Eine Reduzierung des Einsatzes von SO2 erfordert zunächst eine Optimierung der Gärbedingungen, um die Synthese SO2-bindender Gärungsnebenprodukte zu mindern. Dazu zählt insbesondere Acetaldehyd, das in seiner freien, nicht an SO2 gebundenen Form, einen charakteristischen Eigengeruch aufweist, welcher in Weinen der fruchtigen Art als fehlerhaft beschrieben wird. Verzicht auf Schwefelung vor der Gärung ist ein zweiter Schritt. Die Abfüllung mit geringeren Gehalten an freiem SO2 ist nur möglich, wenn die Sauerstoffaufnahme durch den Flaschenverschluss berücksichtigt wird. Die Herstellung ungeschwefelter Weine erfordert besonders im Weißweinbereich absoluten Sauerstoffabschluss nach der Gärung, analog dem inerten Vorgehen im Brauereigewerbe, um Sortentypizität und Haltbarkeit nicht zu gefährden. Ungeschwefelte Rotweine sind durch ihren höheren Tanningehalt weniger empfindlich gegenüber Sauerstoff.

  • Ulrike Schentzinger
    16.05.2010 14:59

    Nicht ganz einfach zu lesen, da es sich um sehr viele chemische Abläufe handelt. Aber für mich äußerst informativ. Es hat mein Verständnis, was hier bei den Gärprozessen entscheidend ist, verbessert. Danke.

  • Greimel Martin
    17.05.2010 06:01

    Mich hätten noch die gesundheitlichen Aspekte von Schwefel (SO2) bzw. jenen Stoffen die er bindet (bzw. bei Nichtschwefelung nicht bindet) interessiert.

  • Gregor Gwerder
    19.05.2010 13:27

    Darum fände ich es nach wie vor informativ, wenn nicht gar vielsagend, wenn in der Kellerkarte der Delinat-Weine neben dem freien SO2-Gehalt auch der Gesamtgehalt an Schwefeldioxid (freie und gebundene SO2) deklariert würde. Das liesse doch einige Rückschlüsse zu ...
    Gerne hätte ich noch etwas mehr über die möglichen gesundheitlichen Auswirkungen des SO2 gelesen (doch das war ja nicht Titelthema). Den gegensätzlichen Beteuerungen zum Trotz glaube ich dennoch, dass ich einen stark geschwefelten Wein nach zwei Gläsern (sofort) "im Kopf" spüre, und zwar wirklich wegen des SO2-Gehalts und nicht etwa wegen eines Zuviel an Histaminen oder Fuselölen. Bei anderen geschwefelten, sorry ich meine natürlich "geschwefeldioxideten" Genussmitteln passiert mir das nie.
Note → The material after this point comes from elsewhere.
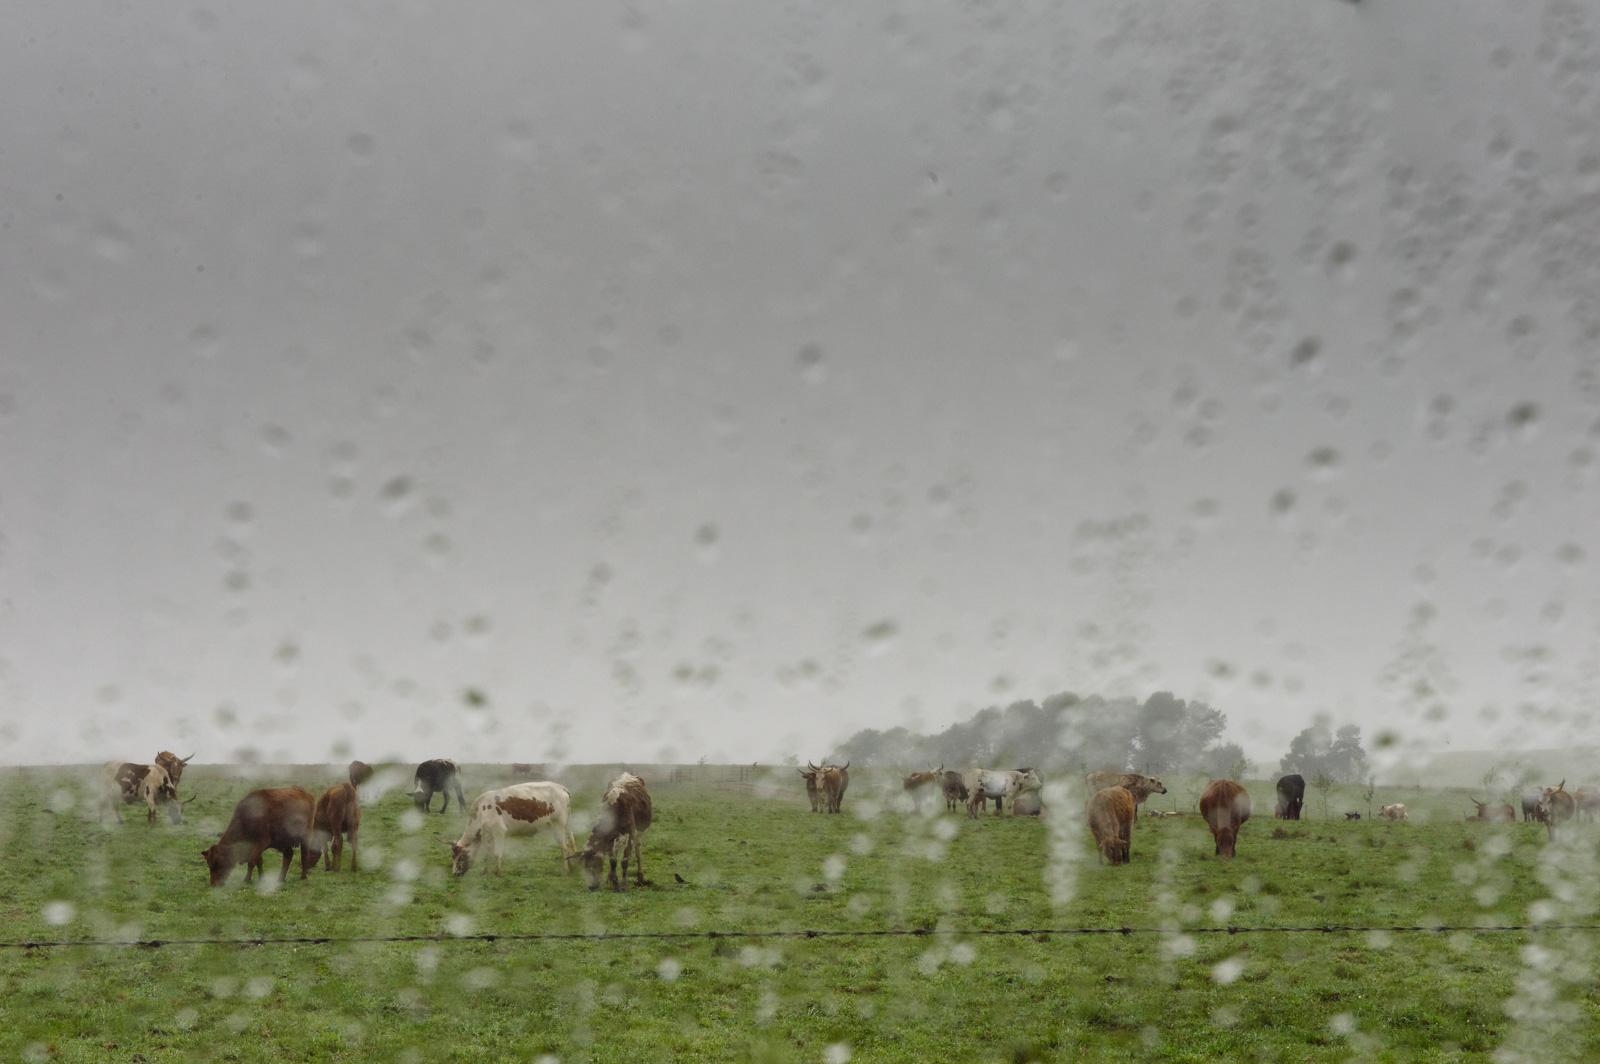 Cows in rain

    Die Beiträge von Volker Schneider unter "Das Neueste von Ithaka" laufen für mich unter "Das Beste von Ithaka", obgleich mir einige Erklärung zu "hoch" sind. Nach dem Lesen des Beitrags "Die Kunst gezielter Oxydation" ist für mich Hobbywinzer klar, dass ich nach der nächsten Lese den (gesunden) Most (3/4 Johanniter, 1/4 Solaris) nicht mehr einbrennen werde. Denn in der Tat machte sich bisher in meinen Weissweinen nach drei, spätestens vier Jahren ein gehöriger Alterston bemerkbar. Ich bin schon jetzt gespannt ...
    Beste Grüsse und herzlichen Dank an Volker Schneider.